(Source material Opens)
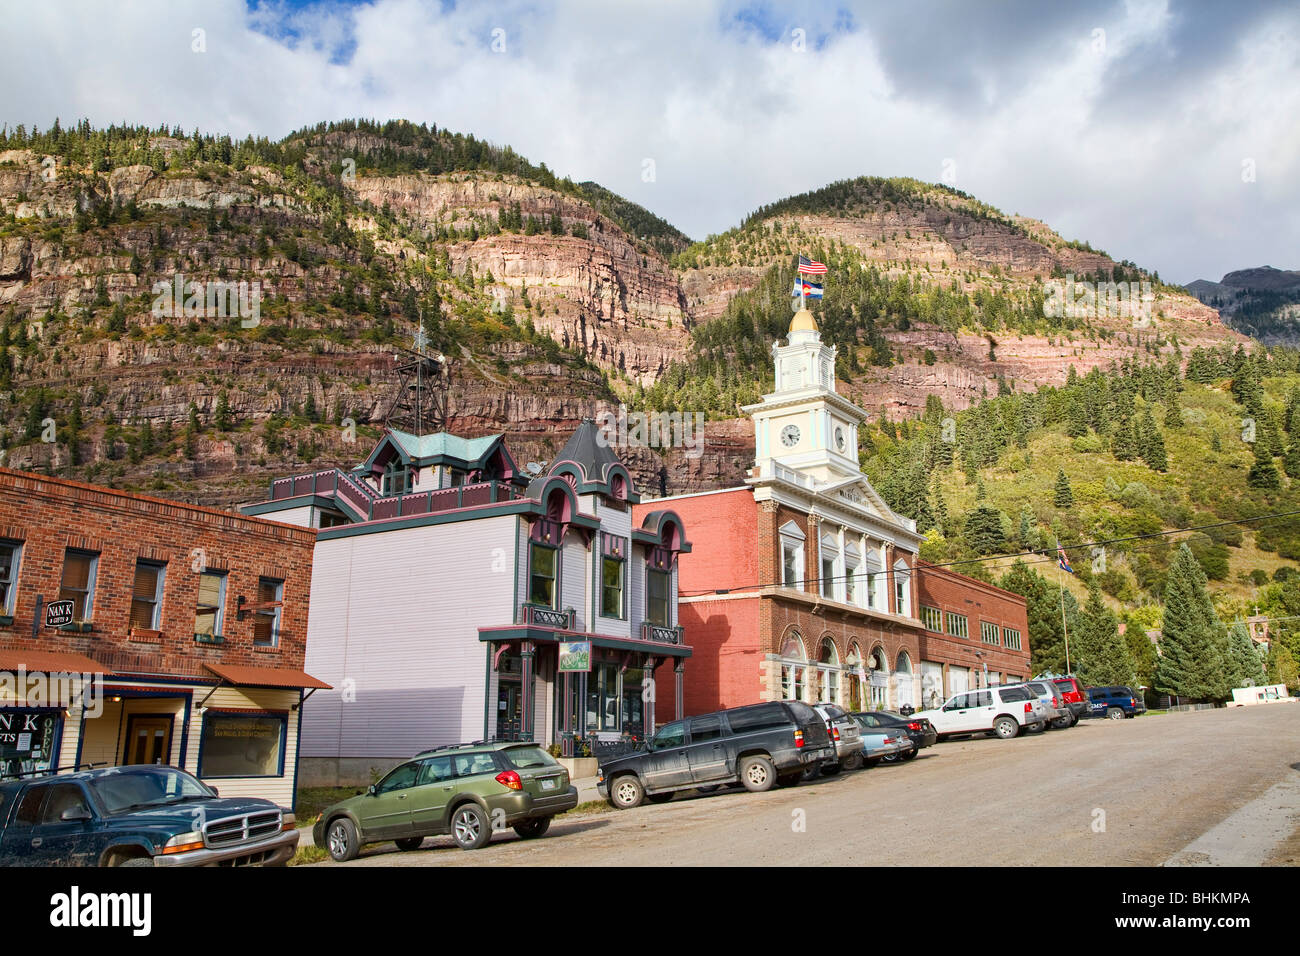 Les montagnes entourent la petite ville de Ouray, Colorado. Banque D'Images
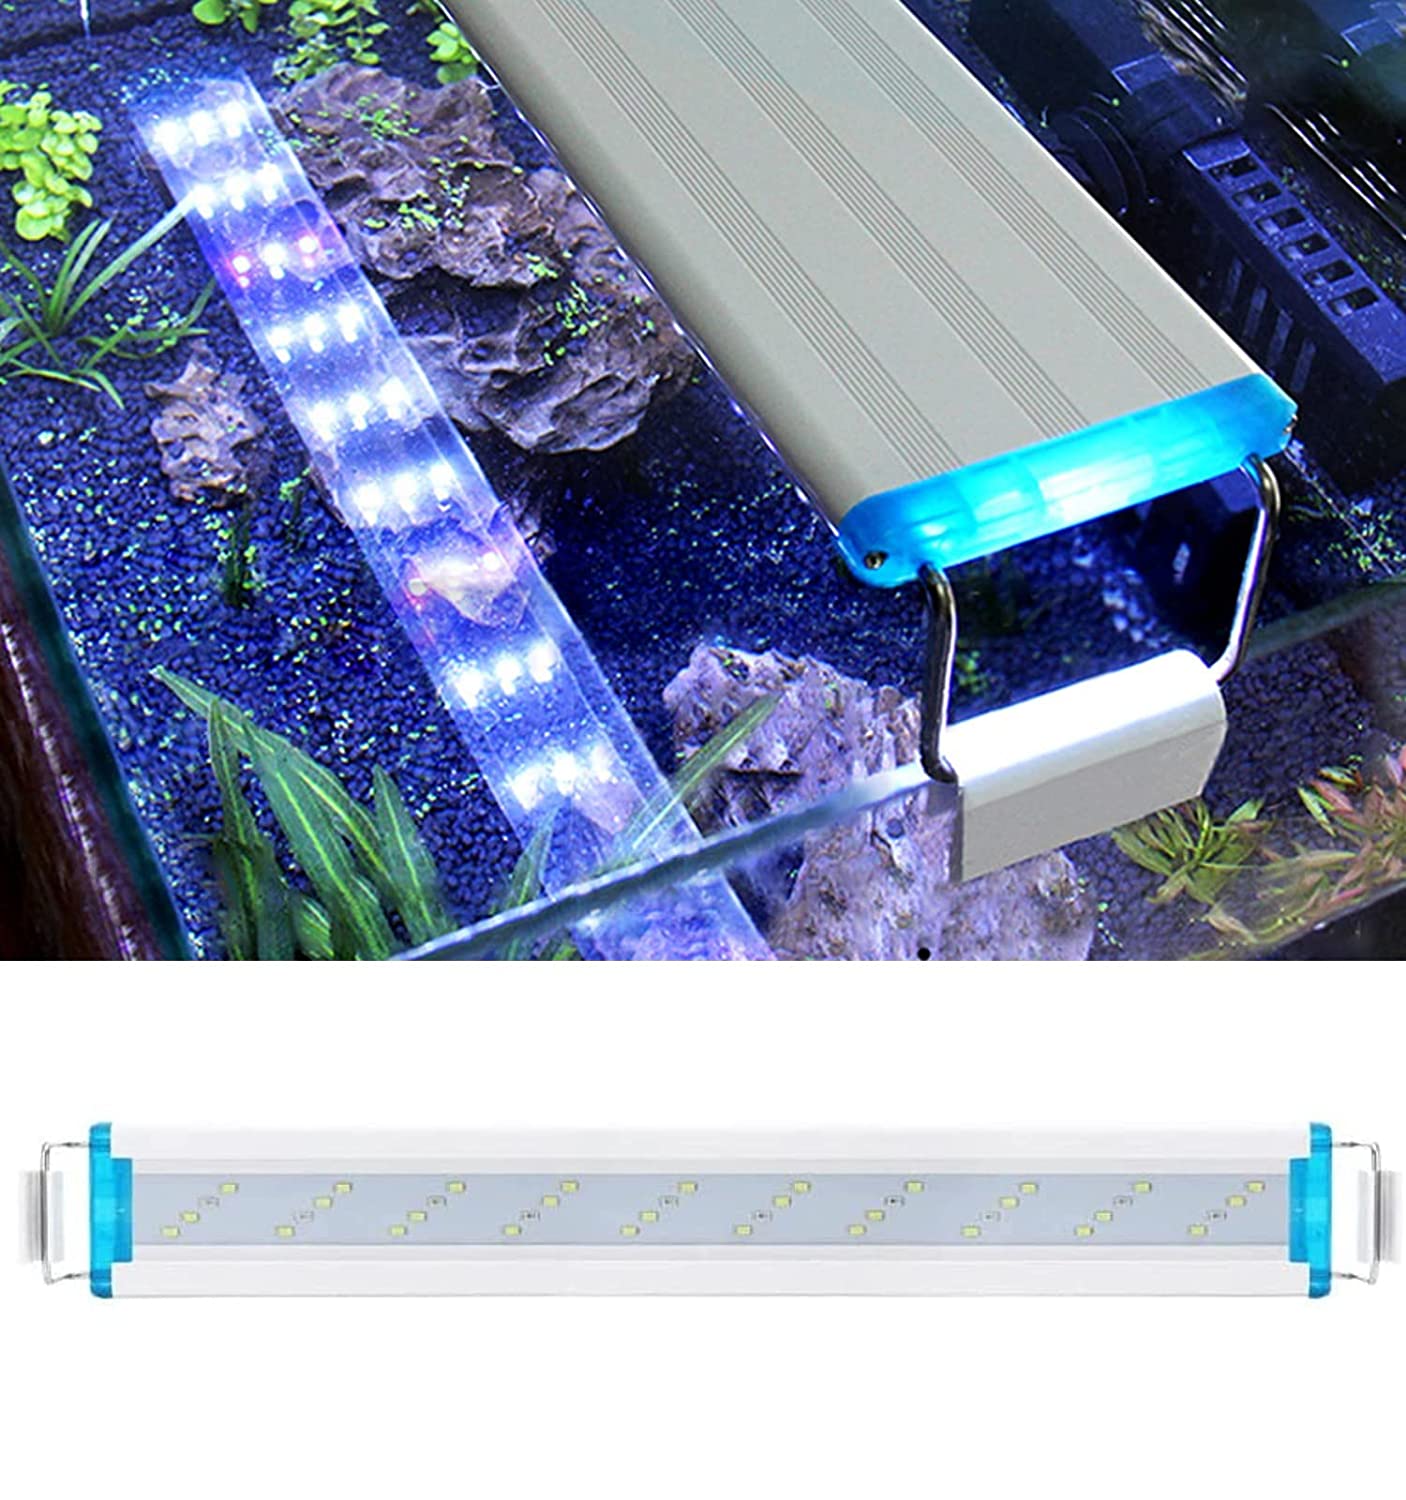 Despacito Glass Aquarium LED Light for Planted Fish Tank, Light Lamp for Aquarium
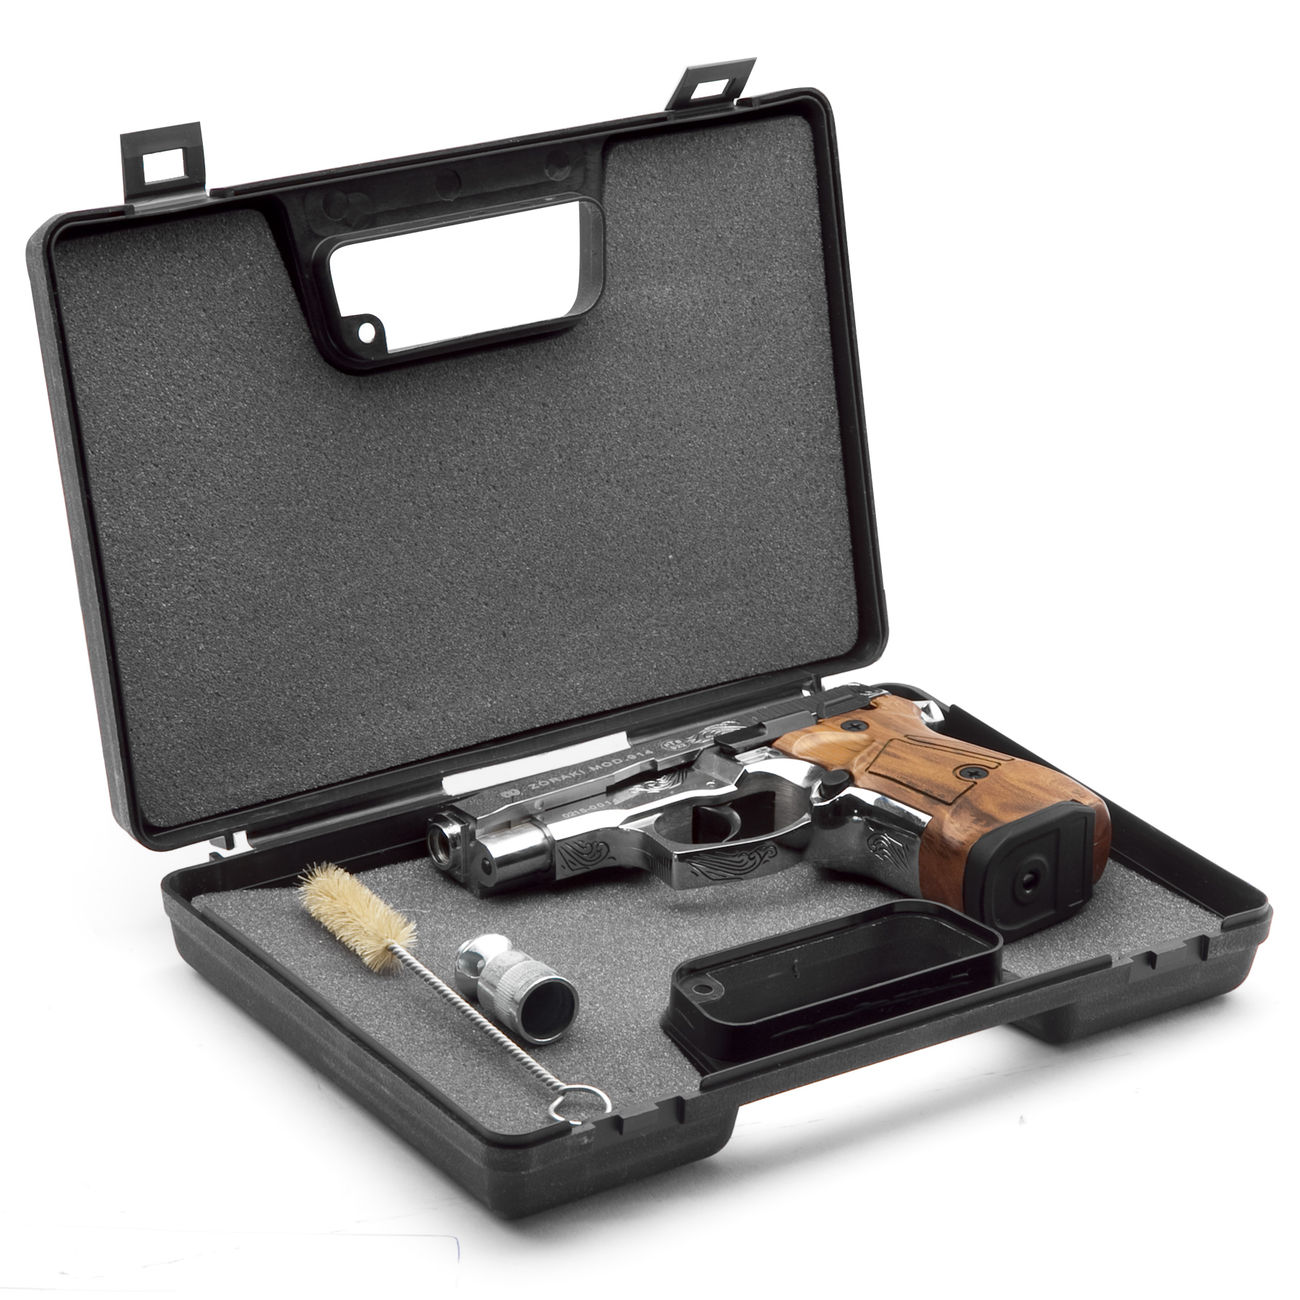 Zoraki 914 Schreckschuss Pistole 9mm P.A.K. chrom graviert mit Kunststoffgriff Bild 1
(Source material Closes)
## Task goal
Retype the whole listing, keeping every line identical and omitting all pictures.

## Solution to the exercise
 Les montagnes entourent la petite ville de Ouray, Colorado. Banque D'Images
 Despacito Glass Aquarium LED Light for Planted Fish Tank, Light Lamp for Aquarium
 Zoraki 914 Schreckschuss Pistole 9mm P.A.K. chrom graviert mit Kunststoffgriff Bild 1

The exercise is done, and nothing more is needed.